_Aim of the task_
Repeat the data in full. Drop every picture.

_Dataset excerpt_

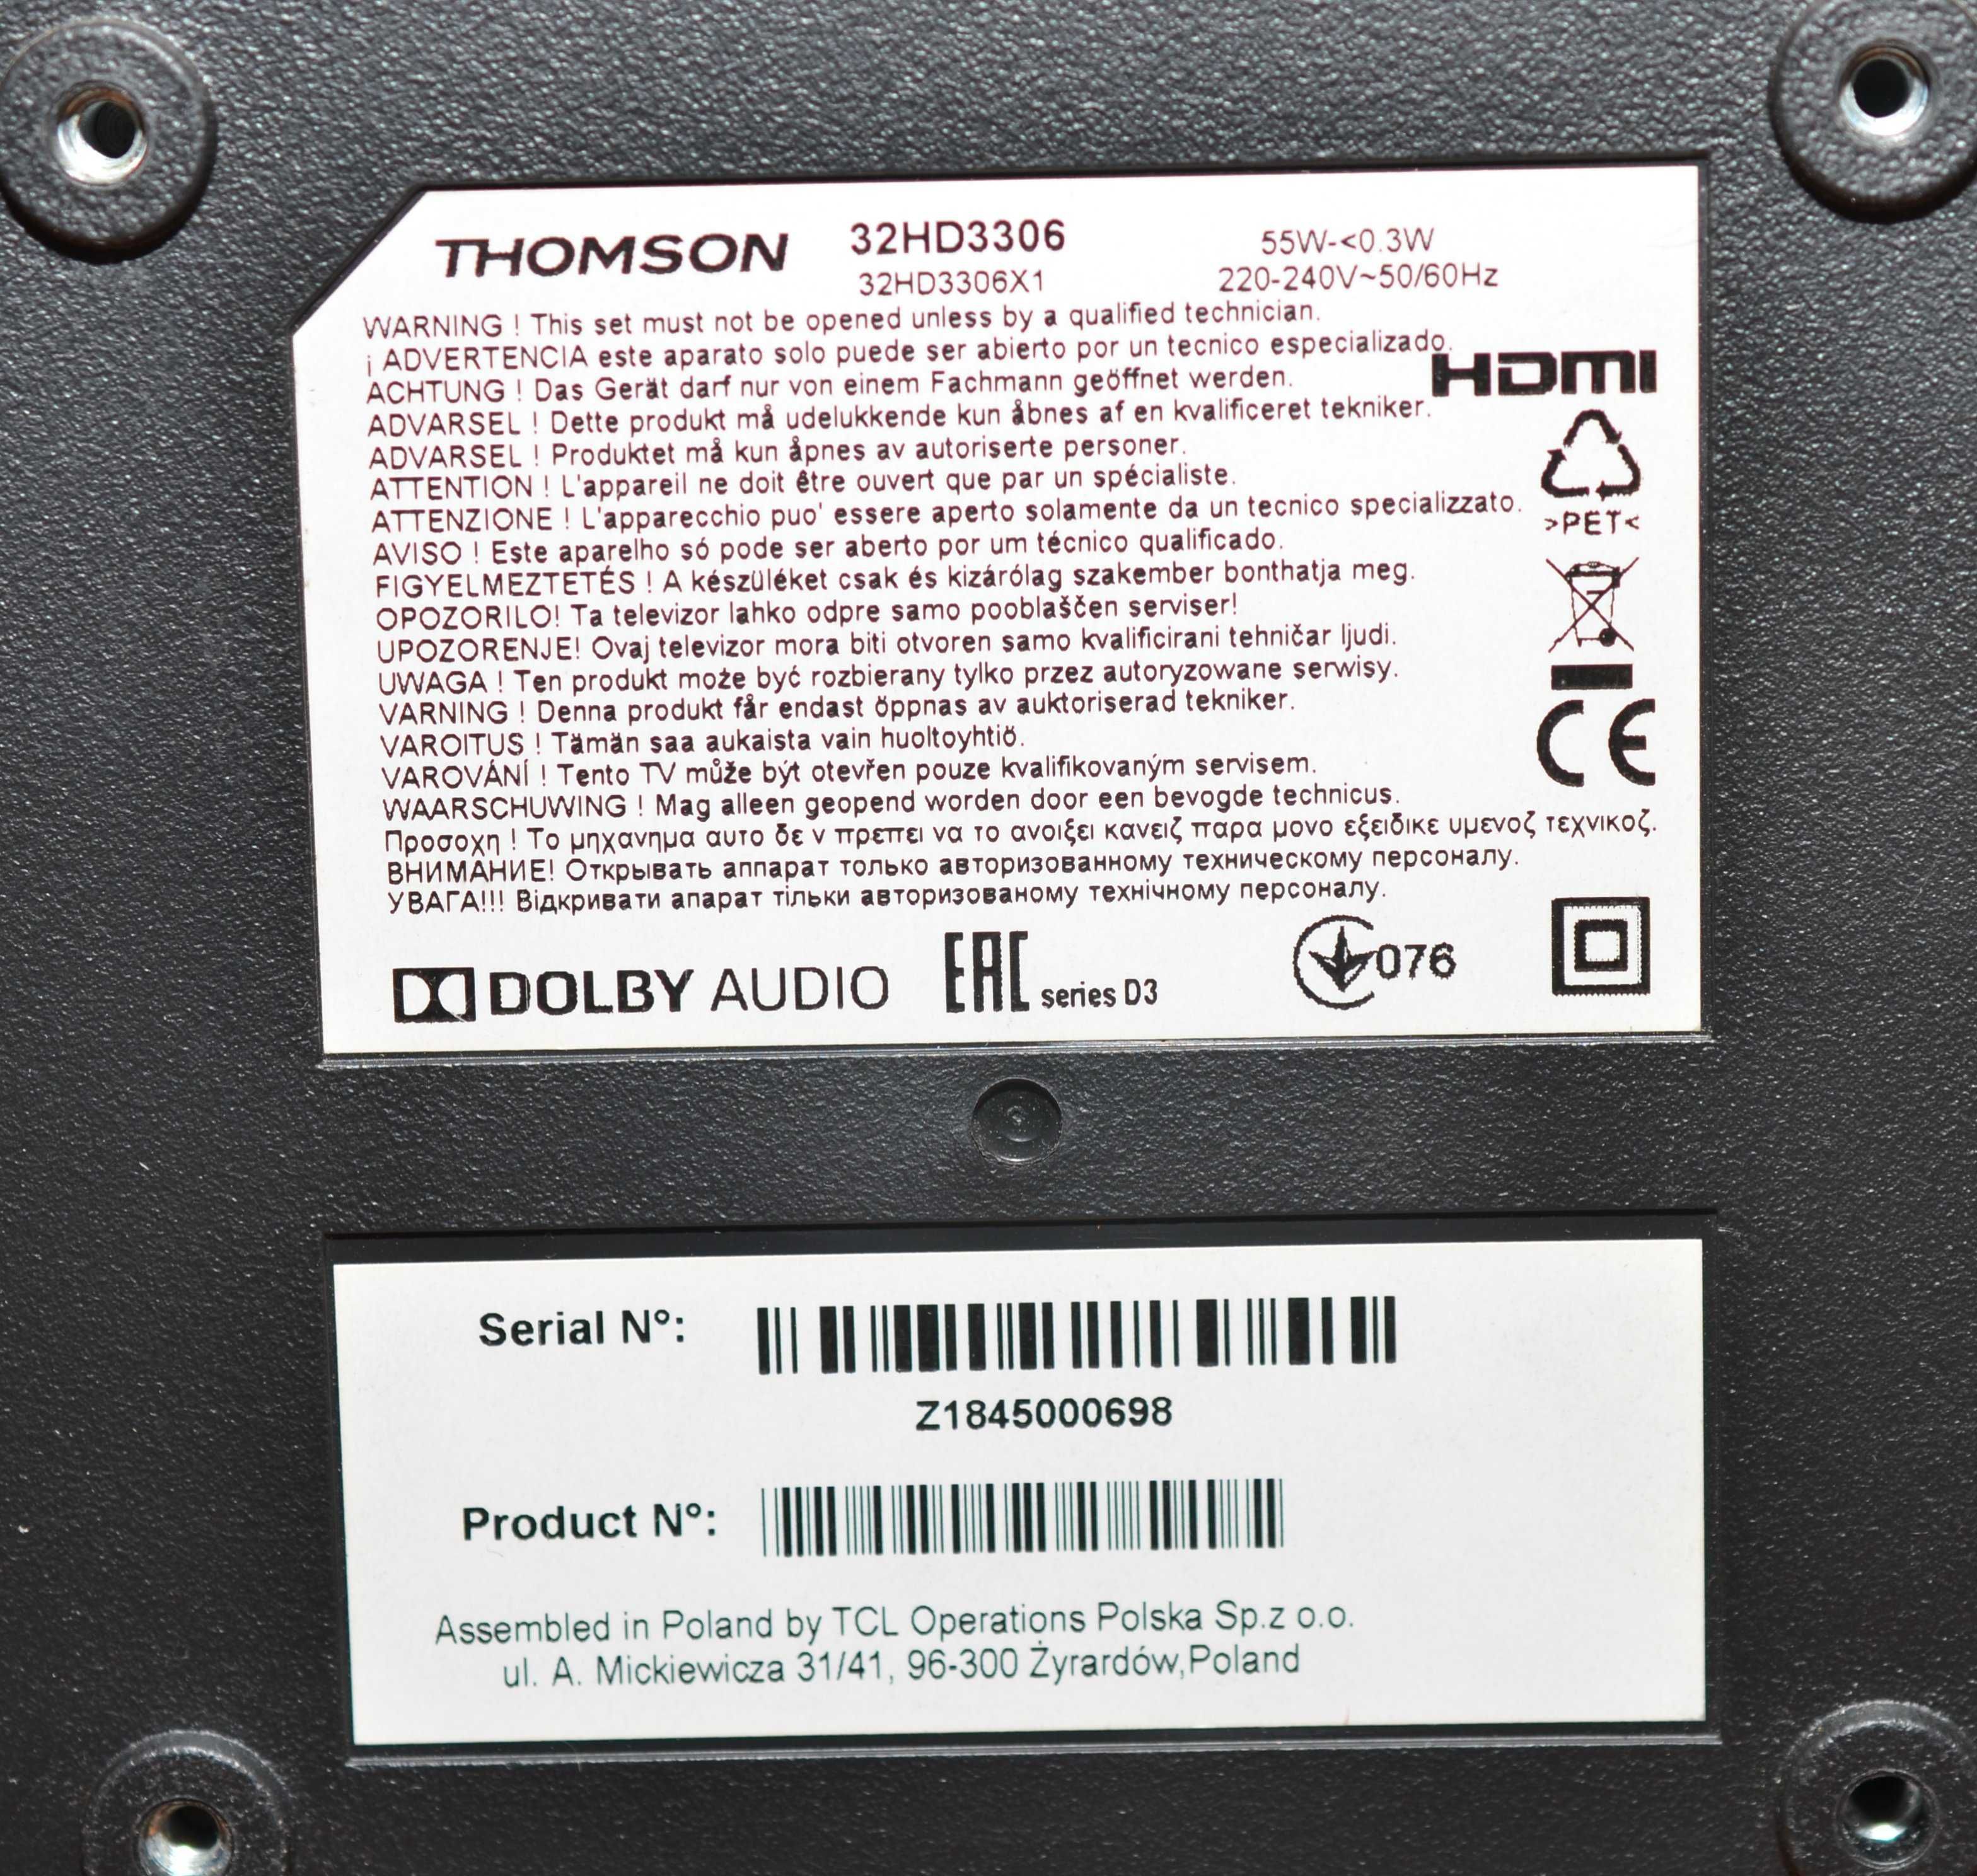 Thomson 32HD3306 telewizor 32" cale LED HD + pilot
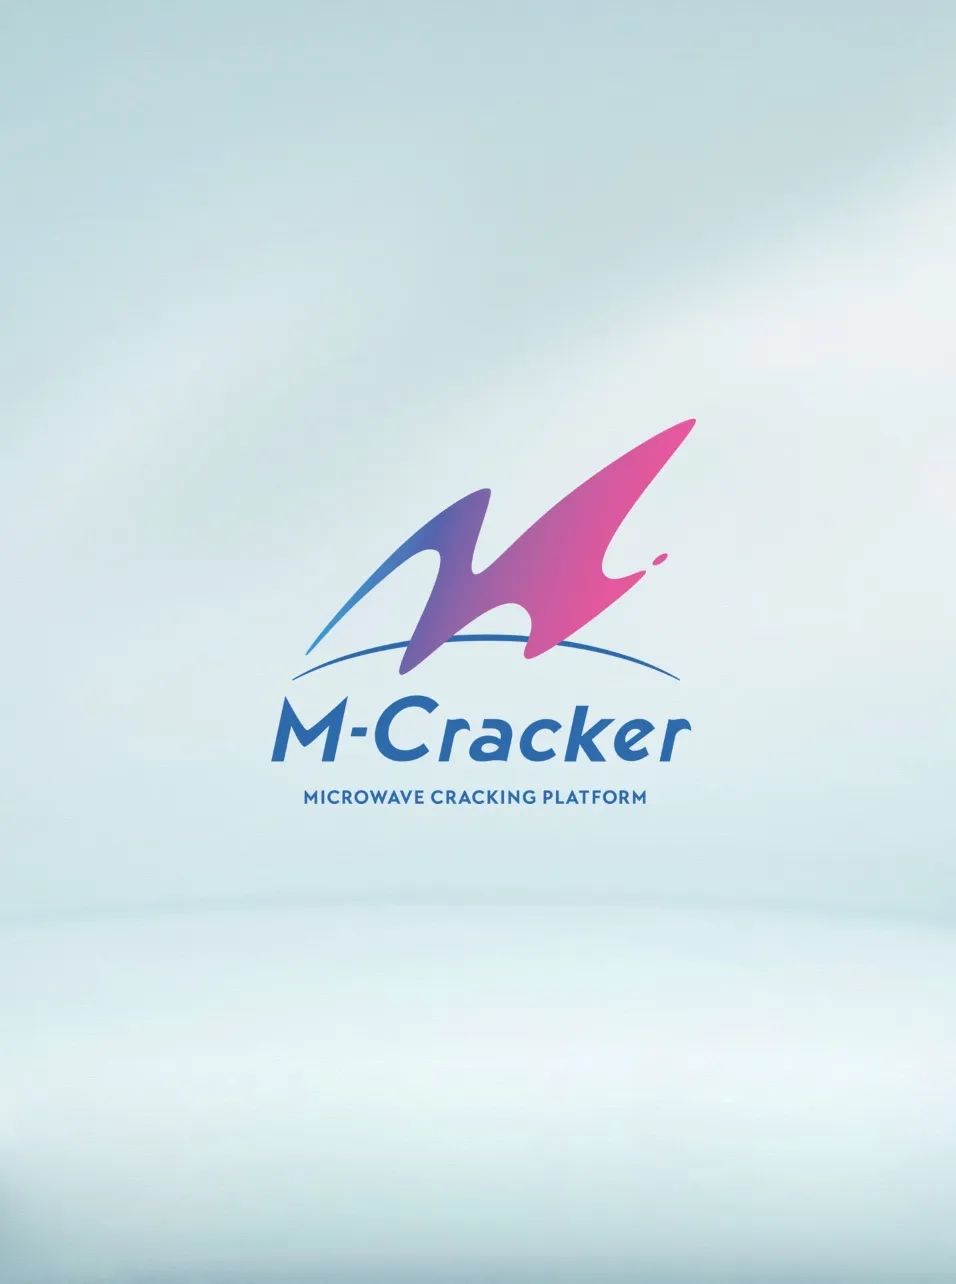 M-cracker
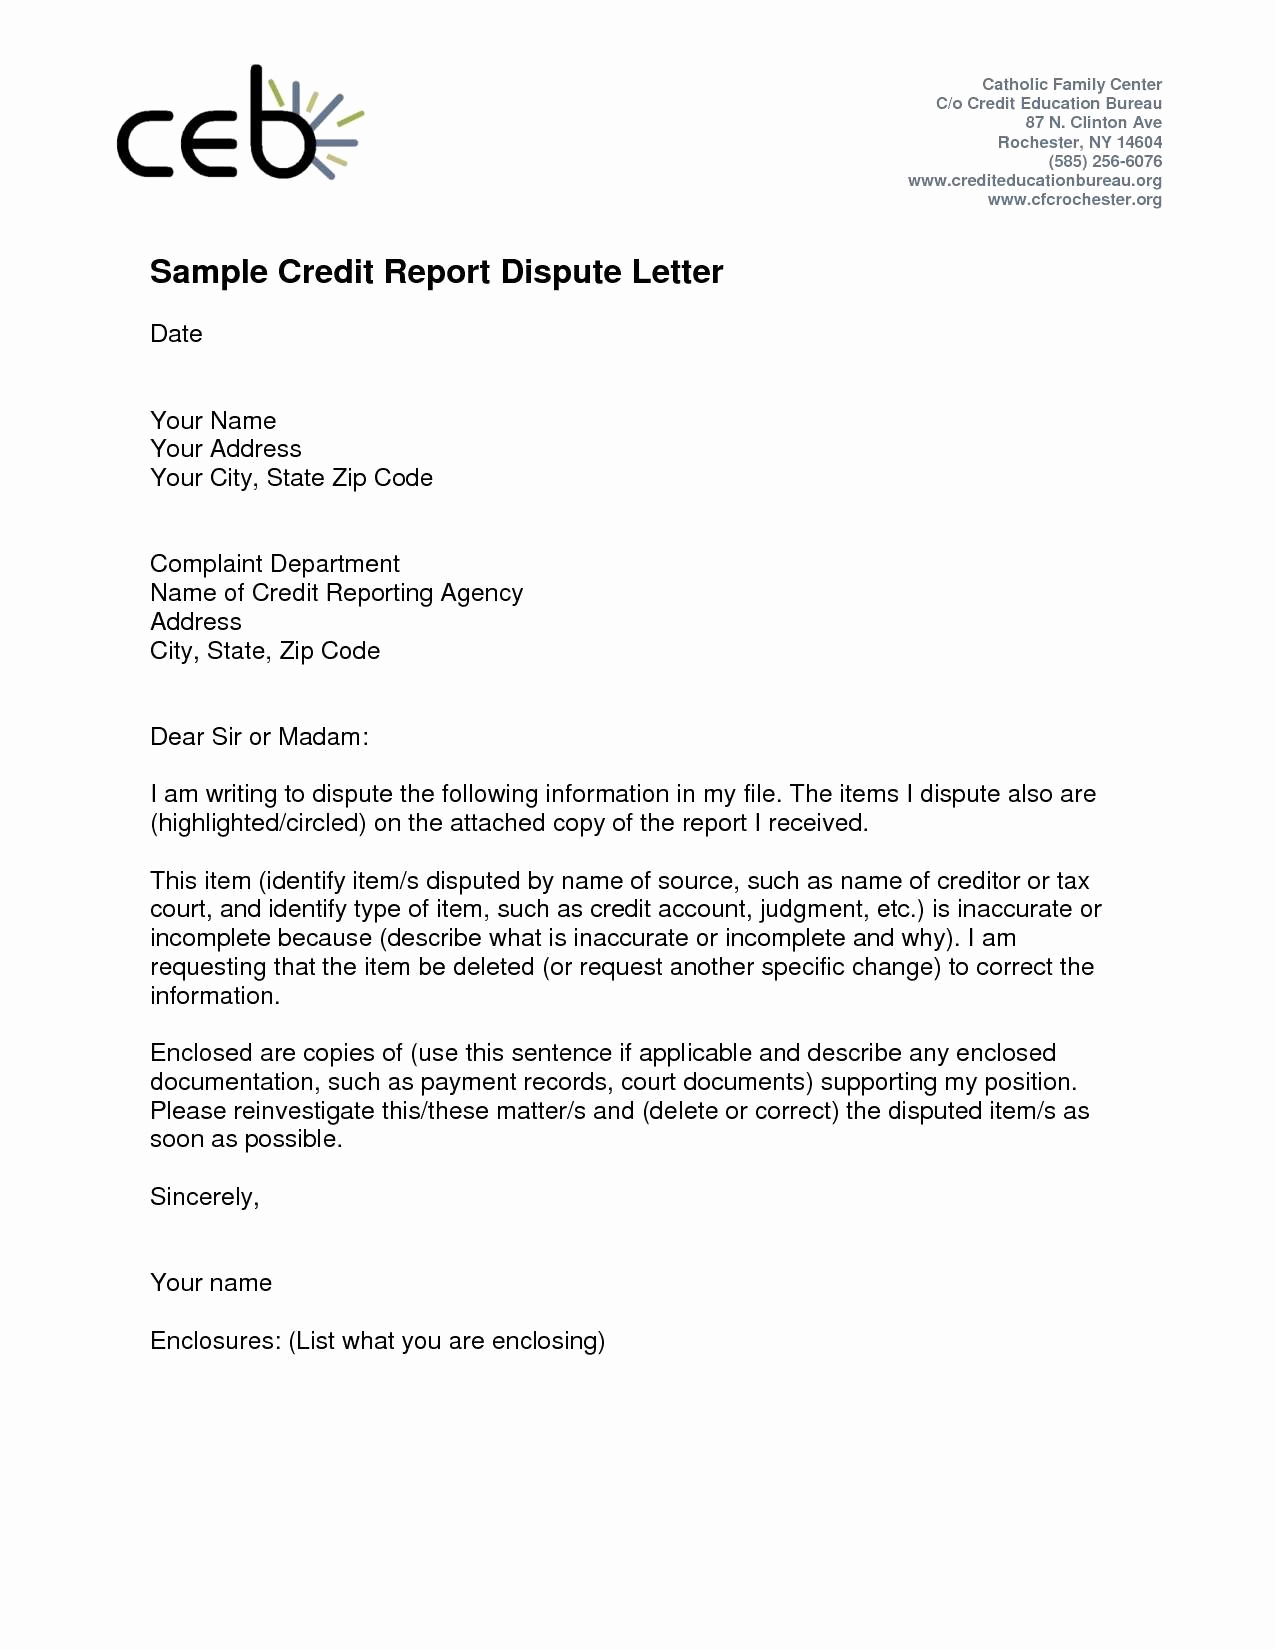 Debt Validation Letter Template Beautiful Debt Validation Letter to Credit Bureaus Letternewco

_Exercise result_
 Thomson 32HD3306 telewizor 32" cale LED HD + pilot
 M-cracker
 Debt Validation Letter Template Beautiful Debt Validation Letter to Credit Bureaus Letternewco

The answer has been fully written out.